WHAT ARE RHABDOMYOSARCOMA AND SOFT TISSUE SARCOMA? Rhabdomyosarcoma , also called rhabdo, is a cancer that develops from muscle cells (rhabdomyoblasts). It can arise from muscles in many different areas of the body, most commonly the head and neck, arms, legs, bladder, prostate gland, and vagina. Other, less common sites are the chest, abdomen, and genital and anal area. Rhabdomyosarcoma accounts for more than half of all soft tissue sarcomas diagnosed in children, making it the most common soft tissue tumor in children. The type of rhabdomyosarcoma is determined by looking at a piece of the tumor under the microscope. The most common types are embryonal and alveolar rhabdomyosarcoma. The term soft tissue sarcoma is generally used to refer to a cancer that arises from soft tissue other than muscle, such as connective tissue, fibrous tissue, blood vessels, nerves, and joint membrane tissue. Soft tissues connect, support, and surround other body parts and organs. Soft tissue sarcoma is rare in infants and children.
WHAT ARE SOME OF THE SIGNS AND SYMPTOMS OF RHABDOMYOSARCOMA AND SOFT TISSUE SARCOMA?
The signs and symptoms of rhabdomyosarcoma and soft tissue sarcoma depend on the location of the tumor and its effect on the surrounding organs and tissue. For example, if the tumor is located in the head or neck, there may be swelling around the eye ( proptosis ), facial nerve weakness, ear drainage, headache, facial pain, a lump in the neck, or signs of sinusitis. If the tumor is located in the arm or leg, there may be a tender or enlarged area in or around the muscle. Tumors in the bladder may cause bloody urine ( hematuria ) or difficulty urinating. Paratesticular tumors usually cause painless enlargement of the scrotum or groin area. Vaginal tumors may cause vaginal discharge or bleeding.

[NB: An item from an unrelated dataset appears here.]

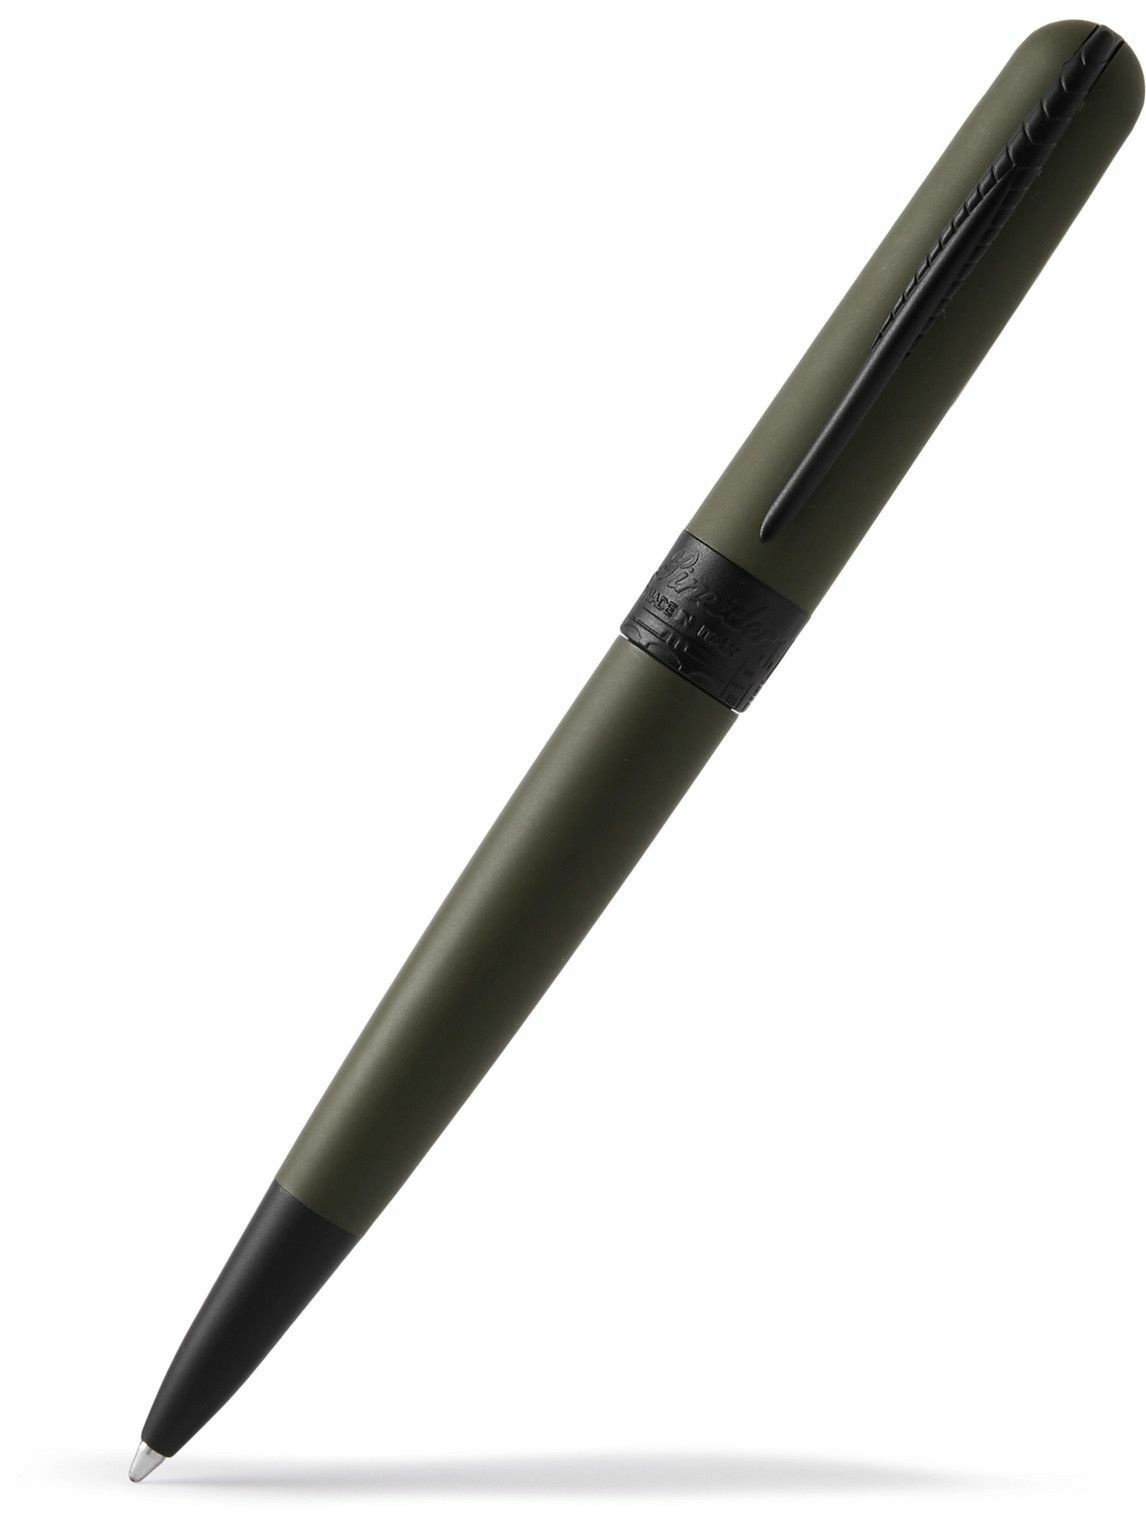 Photo: Pineider - Avatar UltraResin and Steel Ballpoint Pen

WHAT CAUSES RHABDOMYOSARCOMA AND SOFT TISSUE SARCOMA? At this time, it is not known what causes pediatric rhabdomyosarcoma and soft tissue sarcoma. We do know, however, that the tumors are not contagious and cannot be caught from another person. No behaviors or lifestyle habits, including those of the child’s mother during pregnancy, have been associated with the development of these tumors. The cancer is not caused by the presence or absence of something (such as vegetables or vitamins) in the child’s diet.
IS RHABDOMYOSARCOMA OR SOFT TISSUE SARCOMA INHERITED? Sometimes, but rarely, rhabdomyosarcoma is associated with a syndrome that has been passed down through a family (an inherited familial syndrome) such as Li-Fraumeni syndrome, neurofibromatosis type I, Beckwith- Wiedemann syndrome, cardiofaciocutaneous syndrome, and Costello syndrome. If a familial syndrome is a suspected cause of your child’s cancer, your child will be referred to a genetic specialist for further evaluation that may include bloodwork.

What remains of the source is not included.